Data -
########

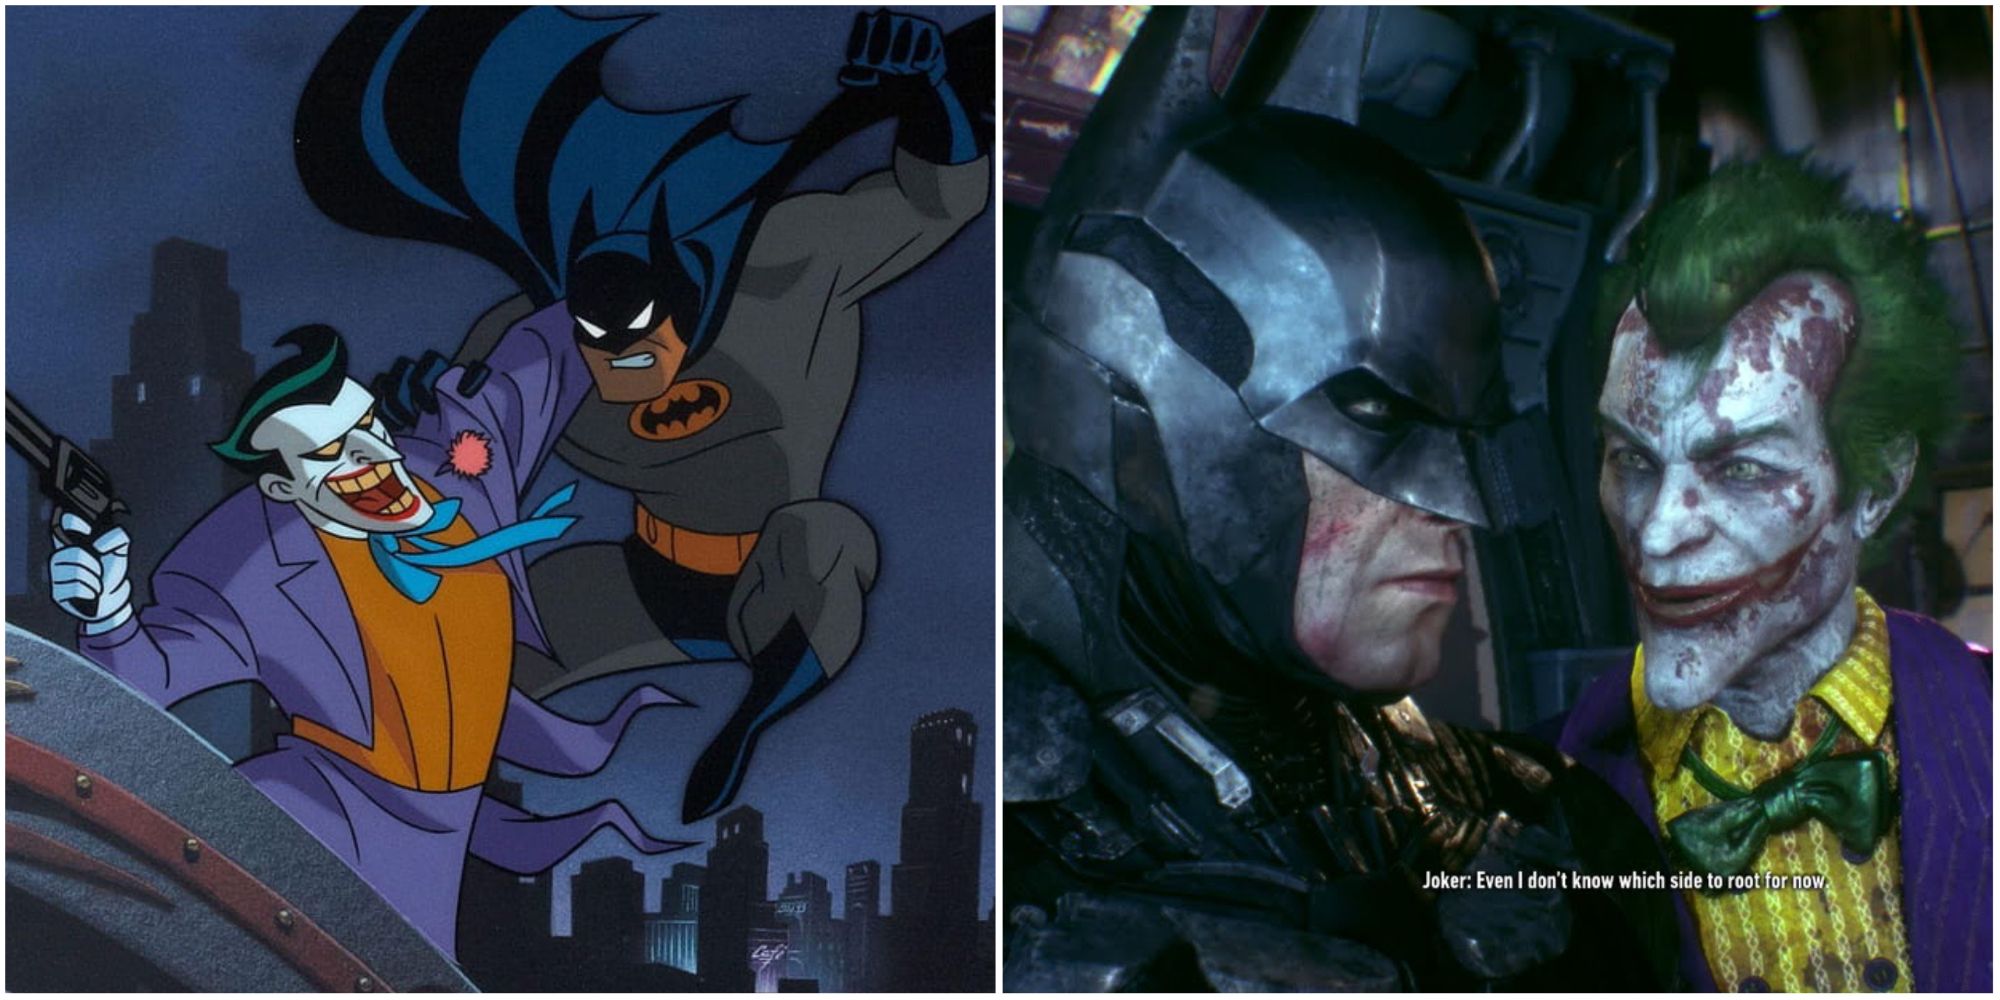 Batman and the Joker in The Animated Series and Arkham Knight
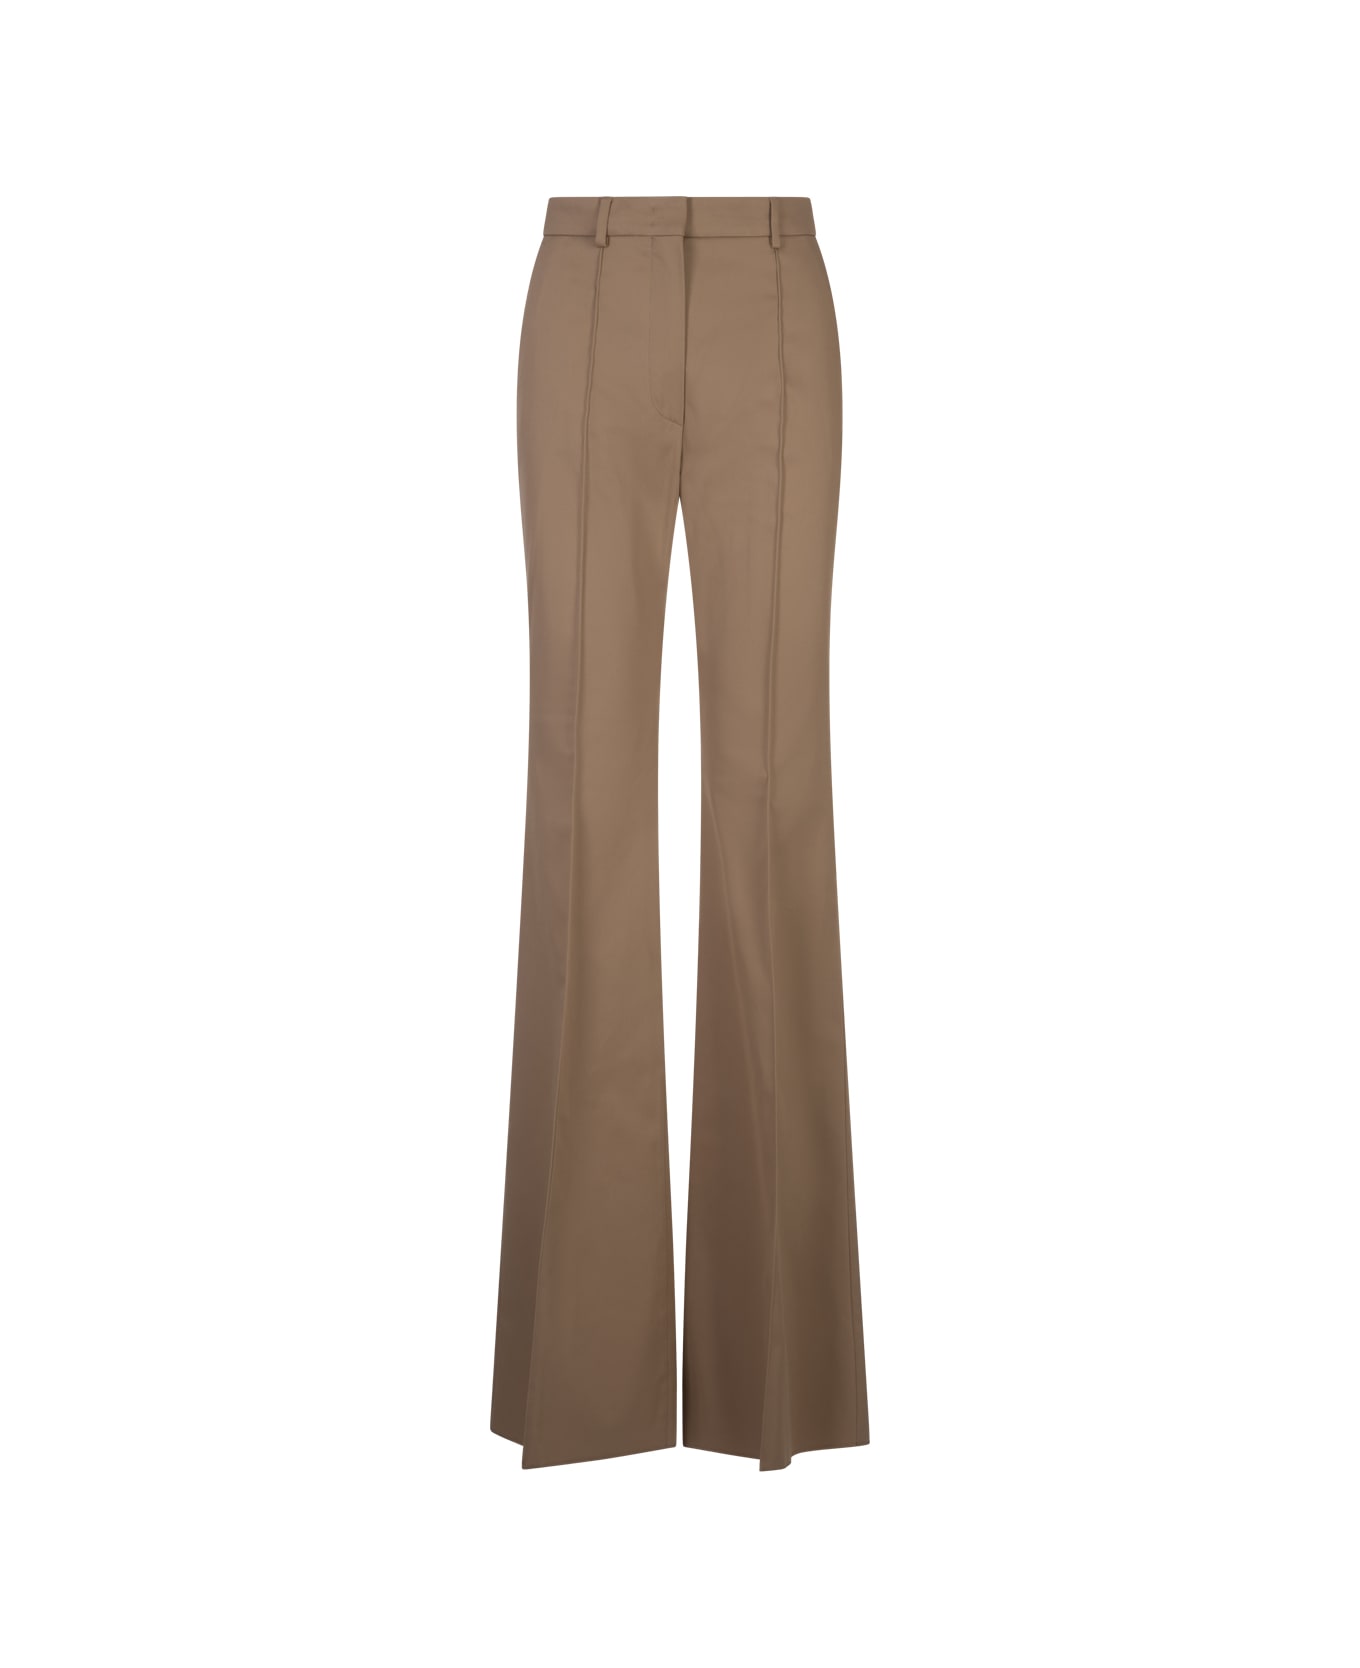 SportMax Beige Norcia Trousers - Brown ボトムス
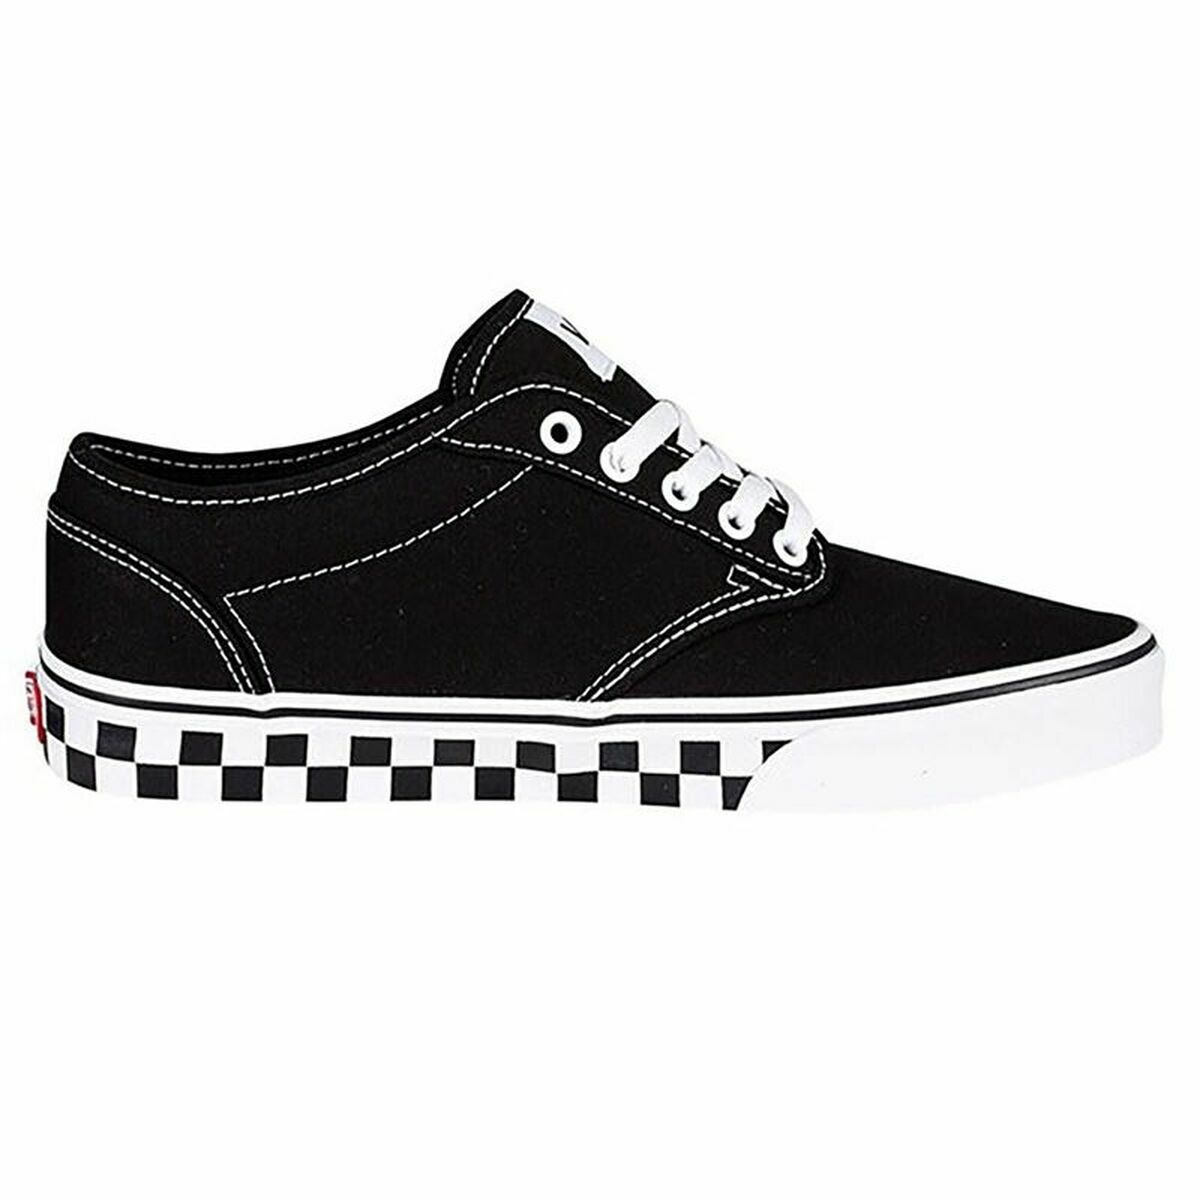 Chaussures casual homme Vans Atwood Noir
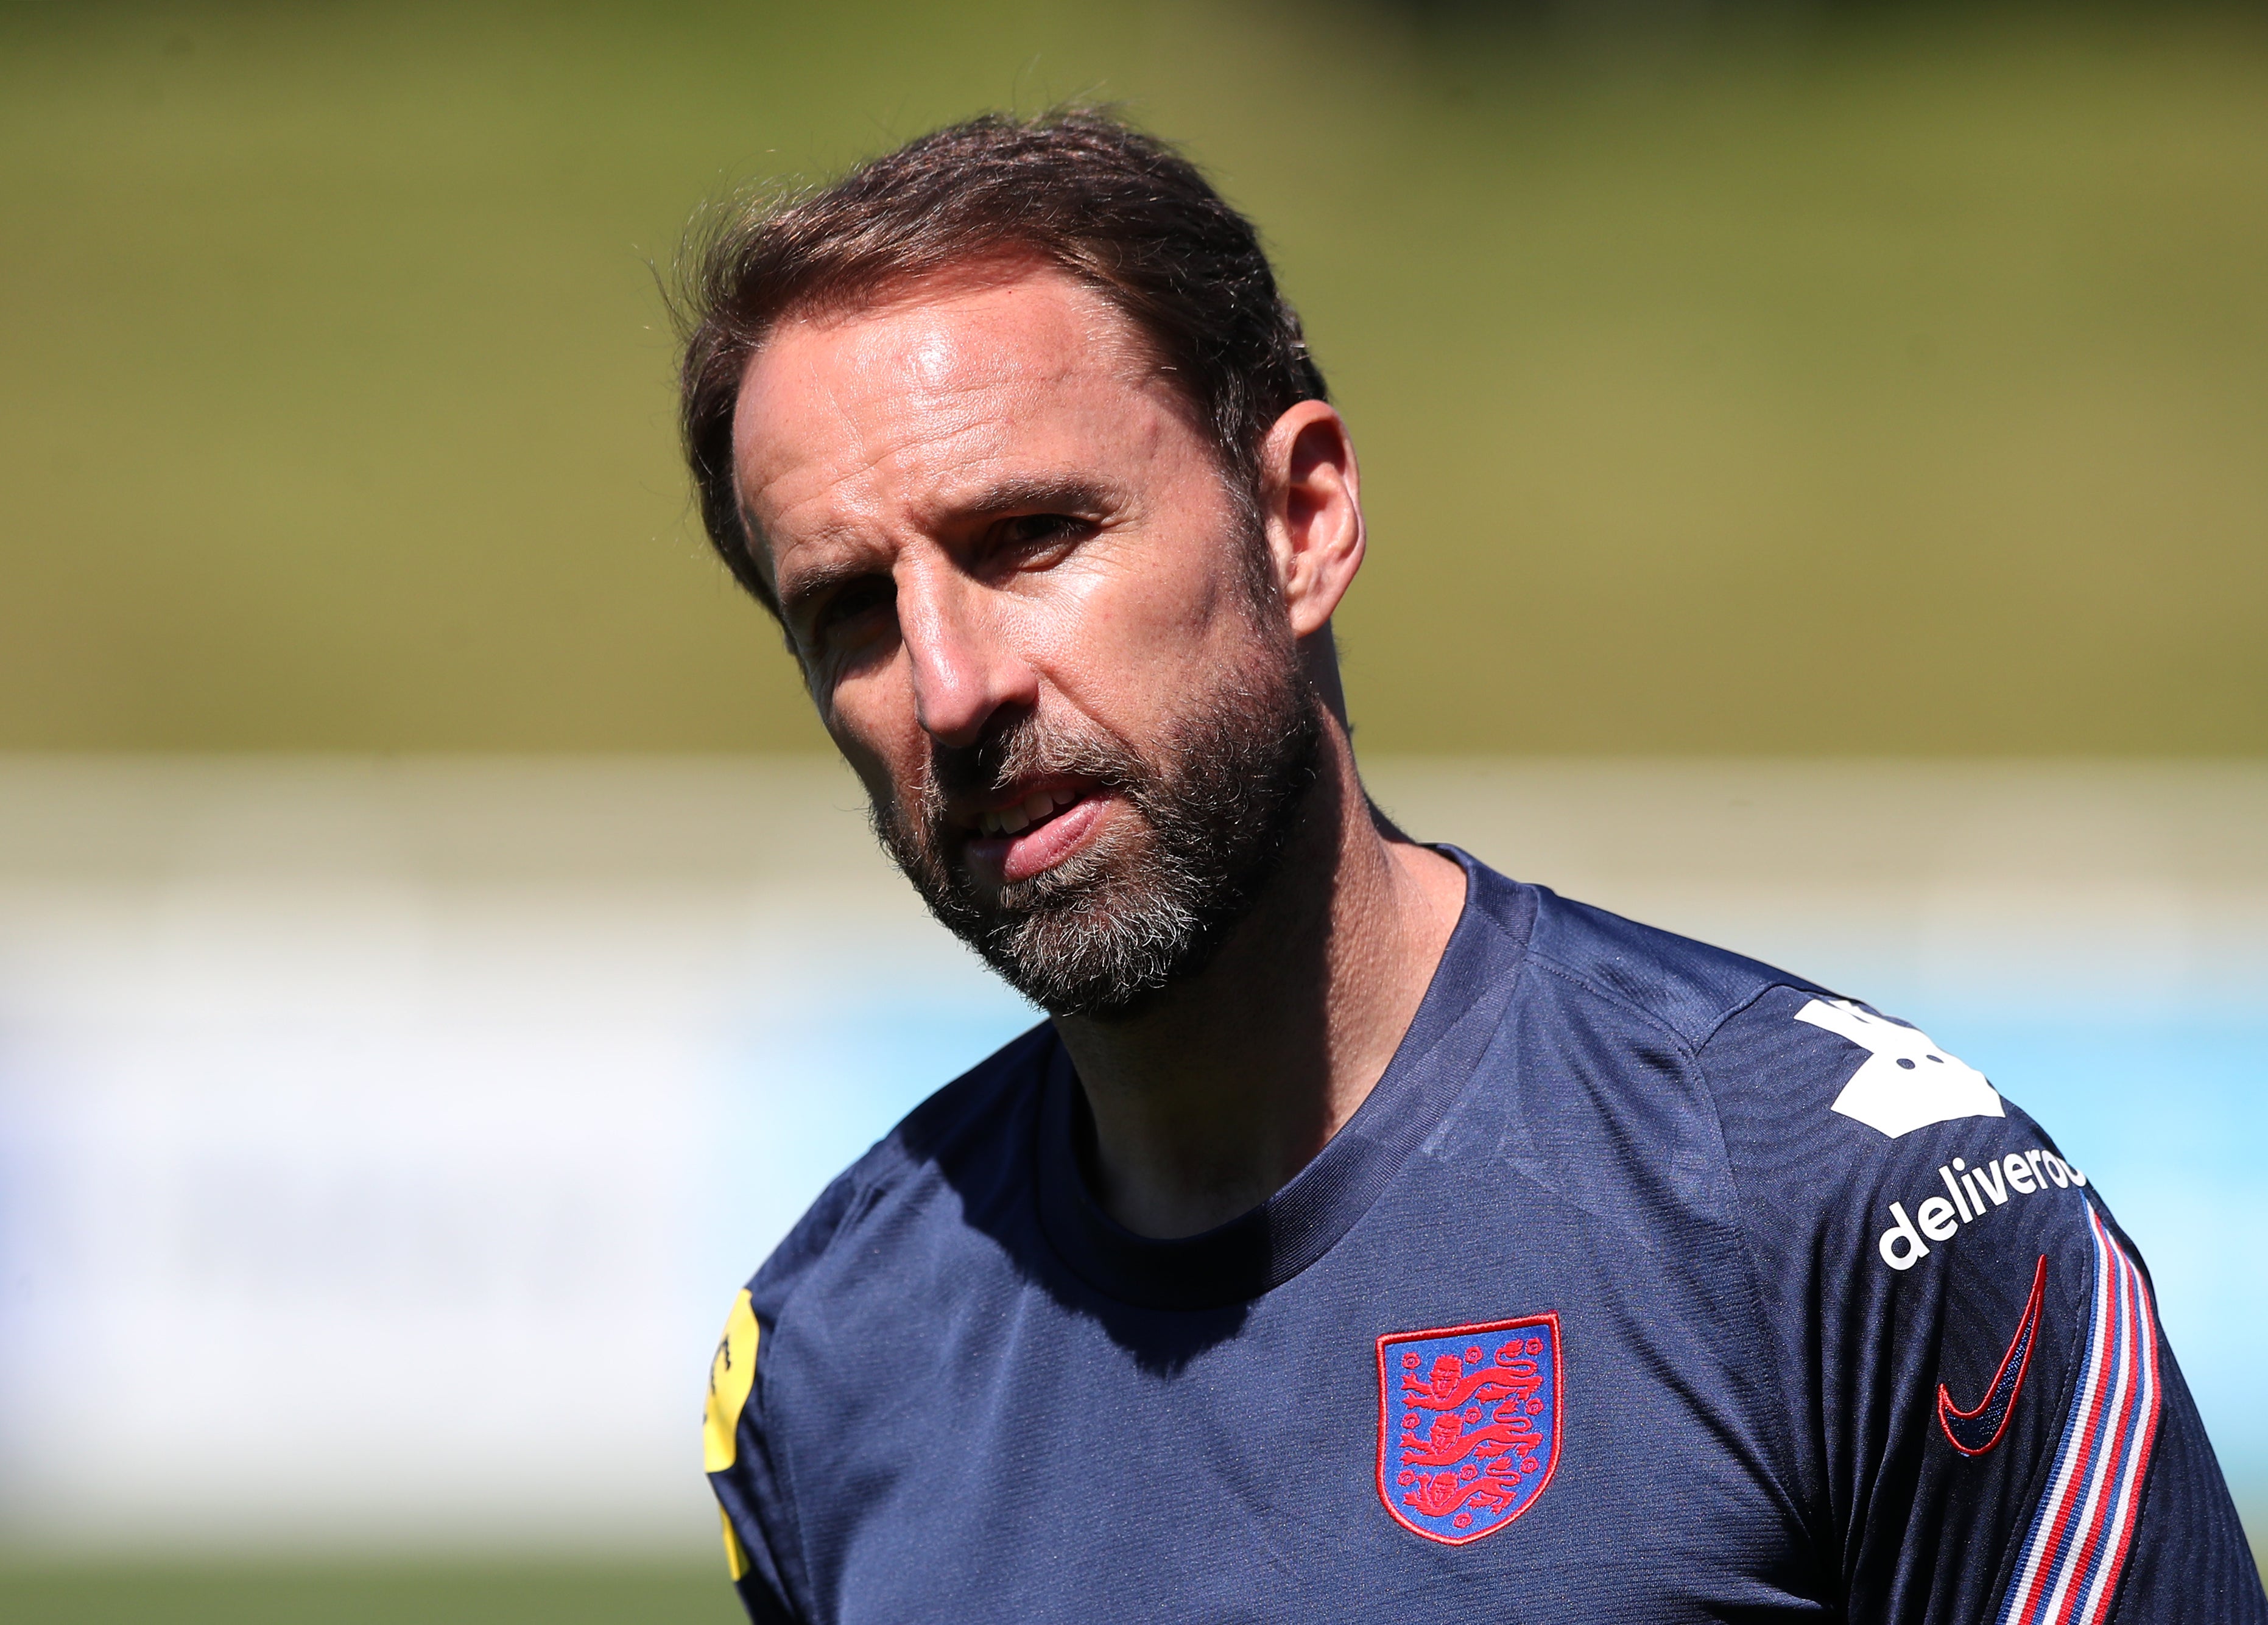 England manager Gareth Southgate has transformed the fortunes of the national team

########

Work instruction - Pictures are not part of the copy; retype all the other material exactly.

Answer to this task -
 Batman and the Joker in The Animated Series and Arkham Knight
 SportMax Beige Norcia Trousers - Brown ボトムス
 Chaussures casual homme Vans Atwood Noir
 England manager Gareth Southgate has transformed the fortunes of the national team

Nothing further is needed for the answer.